Introduction & Problem Definition
Multimodal technologies have demonstrated remarkable potential in tackling complex real-world tasks, leveraging their powerful capability to integrate visual and textual information. Our team investigated whether rapidly evolving vision-language models (VLMs) could yield breakthrough results when applied to geometric mathematical problems.
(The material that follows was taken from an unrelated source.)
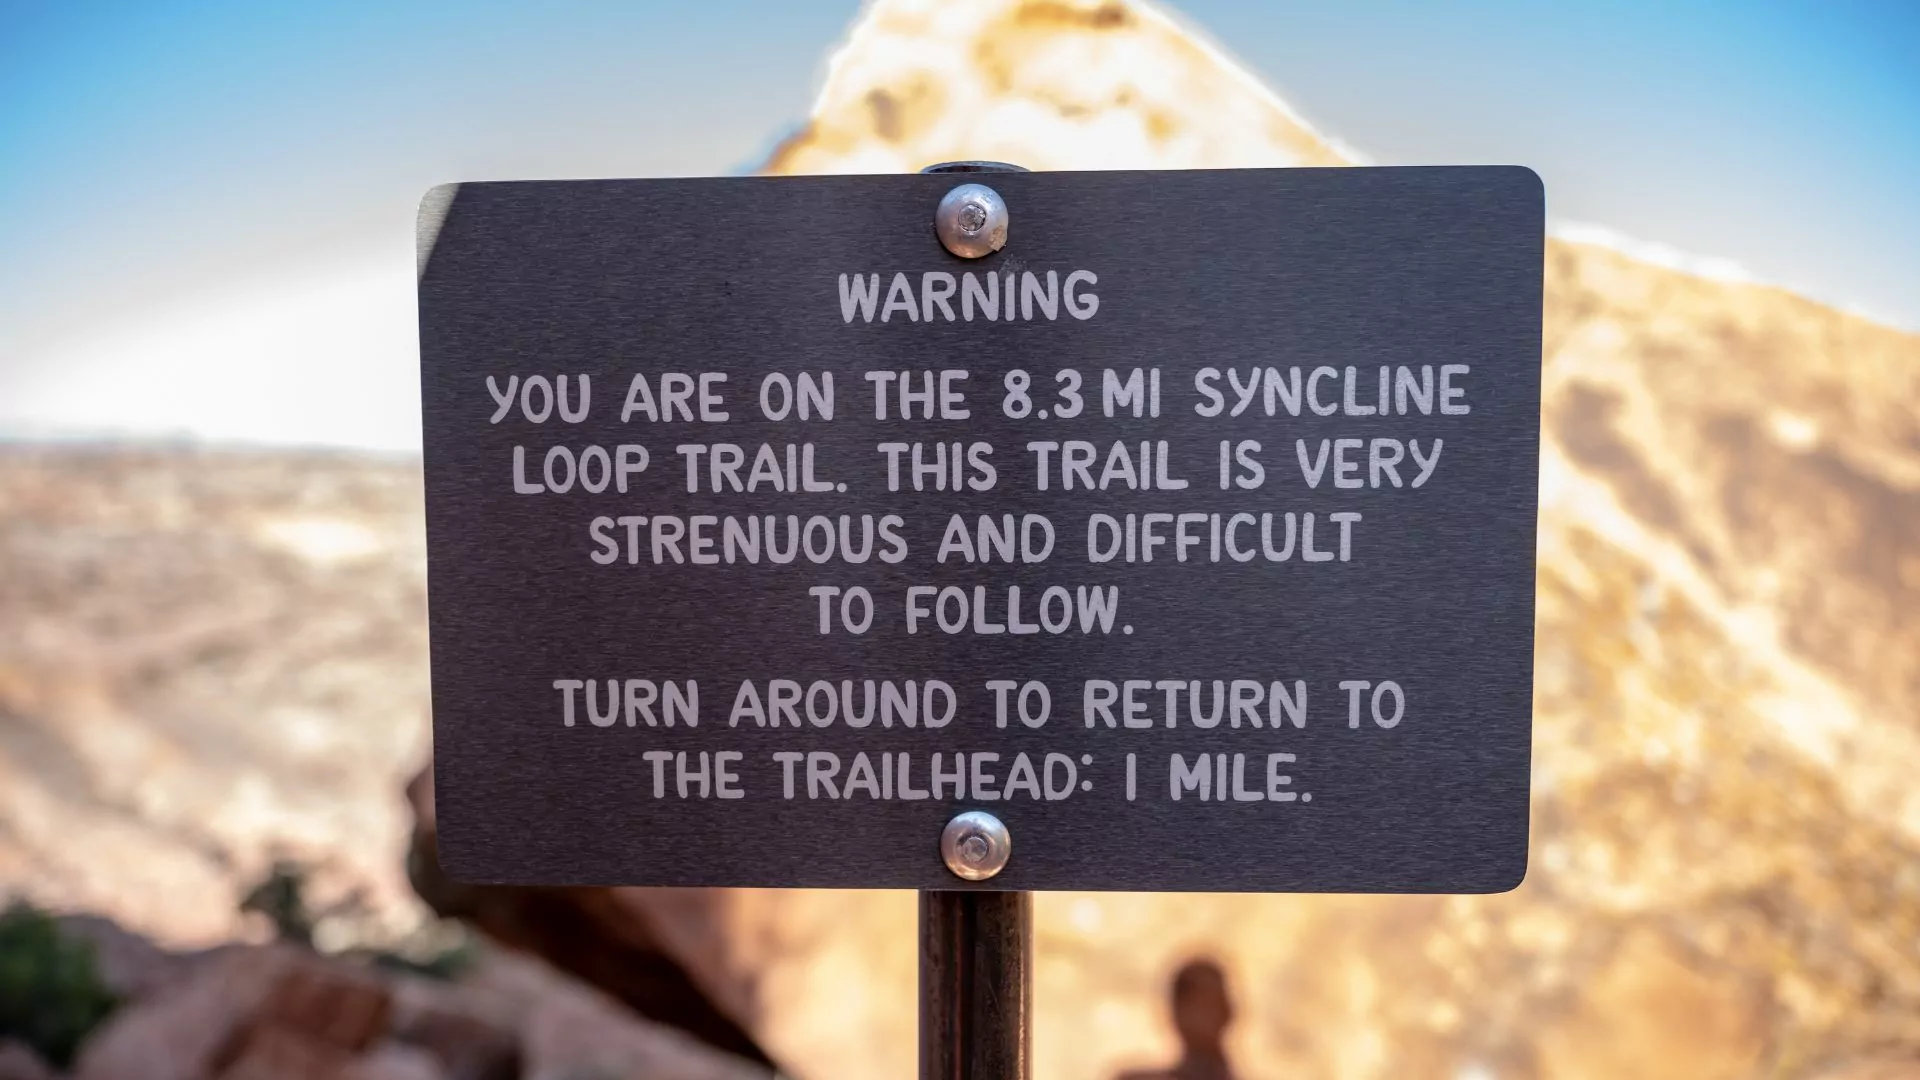 Warning sign on the Syncline Loop in Canyonlands National Park notes trail is strenuous
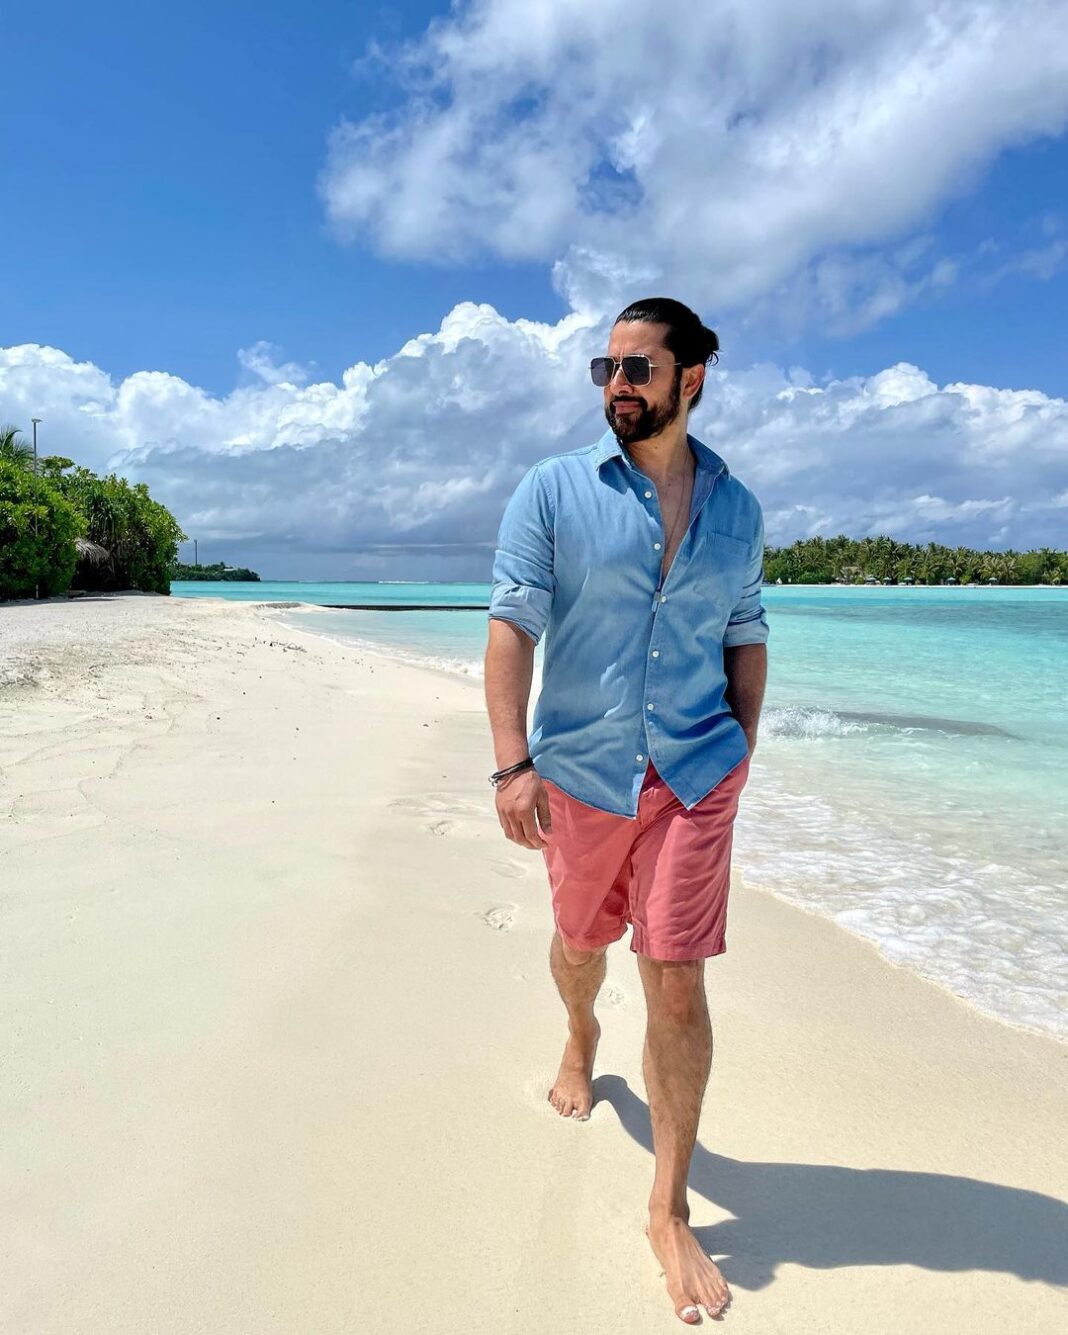 Aftab Shivdasani Instagram - ‘Dear ocean, thank you for making us feel tiny, humble, inspired and salty. All at once.’ #grateful ☀️ 🌊 Thank you @dineshjayasanka070976 and @anantaradhigu for the impeccable hospitality. Pure bliss. Much gratitude. 💙💫 Maldives

Unlike typical text-based reasoning problems, geometry requires precise perception and reasoning about detailed structural and spatial relationships within images—such as points, lines, surfaces, geometric shape combinations, segment lengths, angle measurements, parallel or perpendicular relationships, shapes' containment and partitioning, overall symmetry, and spatial layouts.
Our investigation revealed that even state-of-the-art models like GPT-4V and LLaVA-7B exhibit significant limitations in specific geometric image reasoning tasks, particularly in handling precise spatial details. Current datasets commonly provide geometric images, question texts, choices, and answers, but lack detailed, explicit, and structured geometric image descriptions.
Research Hypotheses
Caption Benefit Hypothesis
Providing detailed and explicit image descriptions can significantly enhance model accuracy on geometric problems compared to using only raw images or text.
Task-Focused Caption Hypothesis
Descriptions specifically tailored to focus on visual features directly related to geometric problem-solving will more effectively improve model reasoning capabilities compared to general image descriptions.
Proposed Model
Our proposed model extends the classic perception-reasoning split into an iterative three-component loop: Planner → VQA → Belief-state reasoning. The system can actively request missing geometric facts before committing to a final answer.
Pipeline Components
Planner LM
Generates follow-up queries based on the question and previous Q/A log
VQA Model
Answers queries about the diagram, extracting visual facts
Belief-state Builder
Maintains a structured transcript of all Q/A pairs for reasoning
Reasoner LM
Produces final answer with chain-of-thought reasoning
Model Configurations Tested
| Pipeline | Planner | VQA | Reasoner |
|---|---|---|---|
| P-1 | Mathstral-7B-v0.1 | InternLM-XC2-VL-7B | Mathstral-7B-v0.1 |
| P-2 | Qwen-Chat-7B | Qwen-VL-Chat | Qwen-Chat-7B |
| P-3 | GPT-3.5-Turbo | GPT-4o-VQA | GPT-3.5-Turbo |
| P-4 | GPT-4o (text) | GPT-4o (vision) | GPT-4o (text) |
Results
Key Findings
GPT-4o Pipeline Accuracy
Full GPT-4o pipeline achieved 40% accuracy with 4.00 CoT reasoning score and 2.86 description score
Open-Weights Performance
Qwen→Qwen pipeline reached 34% accuracy, strongest open-weights alternative
Description Quality Improvement
Iterative pipeline doubled baseline description quality scores
Baseline Comparison
Proposed Models
Analysis & Limitations
Key Insights
- •Targeted visual querying, not larger language models alone, is the critical driver of geometric reasoning performance
- •The iterative pipeline successfully reduces uncertainty by actively requesting missing information
- •Chain-of-thought coherence scores correlate strongly with final accuracy
Identified Limitations
Meaningful Queries, Poor VQA Answers
The planner generates relevant questions, but VQA modules often provide incorrect responses, especially for fine-grained spatial cues.
Hallucinated Geometric Relationships
VQA models frequently conflate inscribed with central angles, mistake perpendicular distances for radii, and misidentify baselines.
No Contradiction Resolution
The system lacks mechanisms to detect or resolve inconsistent facts, allowing contradictions to accumulate.
Dataset Gaps
Ground-truth annotations often omit implicit geometric constraints, limiting model training effectiveness.
Future Work
Memory-Aware Retrieval
Build a structured memory module to store Q-A pairs, enabling retrieval, updates, and contradiction resolution before reasoning.
Adaptive Query Stopping
Monitor VQA uncertainty to halt question generation when marginal information gain is low, reducing inference costs.
VQA Fine-tuning
Fine-tune VQA models on re-annotated datasets with explicit tags for angles, lengths, and spatial relationships.
Prompt Refinement Loop
Use LLMs to rewrite queries for clarity and geometric specificity before VQA processing.